# double line ladder method



## tom h (Jan 2, 2008)

Has anyone have pics to what you did to run a double line using ladder method.

Currently I have 1.5 in PVC pipe with Trex, looking to add a second line, looking for ideas to use my current ladder method, just trying to make it wider to run 2 lines.

This is what I have now.









I thought about using 2 Cedar pieces about 12 in wide on each side of PVC, and laying the Trex on top to lay track, hard to describe my idea without laying it out on paper.

Any thoughts will help out! Thanks!

tom h


----------



## Totalwrecker (Feb 26, 2009)

I think you'll need two legs, wider apart on curves than straightaways. Our locos are too heavy to hang outside of the risers... 
I'd screw a 1x2 to the rises and set my ladders on that, thus keeping the two tracks at the same elevation... 

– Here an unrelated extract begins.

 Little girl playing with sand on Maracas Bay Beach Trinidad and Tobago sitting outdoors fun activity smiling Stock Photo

Your trex work looks like what I came up with, finnish washers on drywall screws. I had to predrill my holes or the trex would split.... 2 years later and it started to crumble.... it's all gone! 

John


----------



## tom h (Jan 2, 2008)

Thanks John, my screws are stainless steel 1/4 in nuts and bolts, so far after 2 years no problem, I have Trex by our pool, 6 years and no problem, thats why I went with it.

tom h


----------



## John J (Dec 29, 2007)

I would cut the plactic pipe off at about ground level. I would glue a "T" on the pipe in the ground. then woul add sections of pipe to each side of the Tee equal to the with of the road bed it would support. The on the ends of that I would add elbows. Then I would add the verticals to the elbows. Sort of like Goal Posts. I would then add the Trex road bed to the tops of th goal posts. 
I would Bury the Tee structure in dirt of something to stabalize it.


----------



## Totalwrecker (Feb 26, 2009)

But John all the inside curves get tighter that way.... 

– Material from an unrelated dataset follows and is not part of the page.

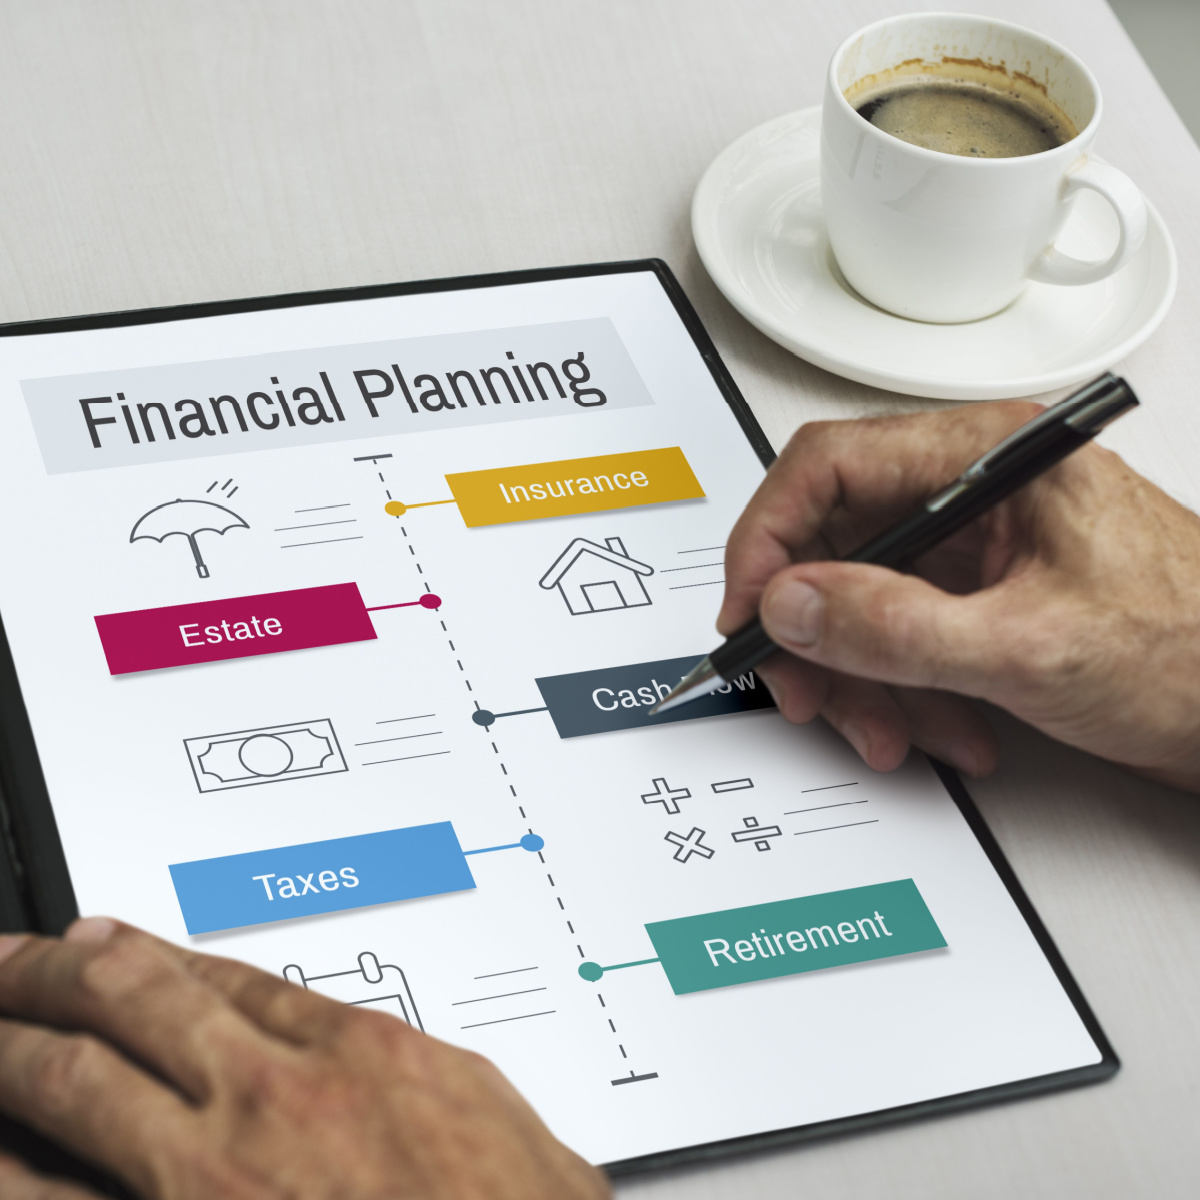 Financial planner discusses the different elements of financial planning

Simpler to add another post beside it and add another ladder. I suggested the cross piece to keep both lines on the same plane. 

John


----------



## John J (Dec 29, 2007)

Then turn the tee up right and the orginal virtical will remain in the same place so the cruvature remails the same. Then the added structure becomes the out side of the curve.


----------



## Totalwrecker (Feb 26, 2009)

Good rcovery friend.... are feets to be avoided? 

2-3 feet of pipe is cheaper than a tee and elbo plus pipe... plus he would have to cut what he already has installed. 

Out west here with our sun/heat, I would worry about the integrity of horizontal pipe, but, I'd trust vertical.... 

John


----------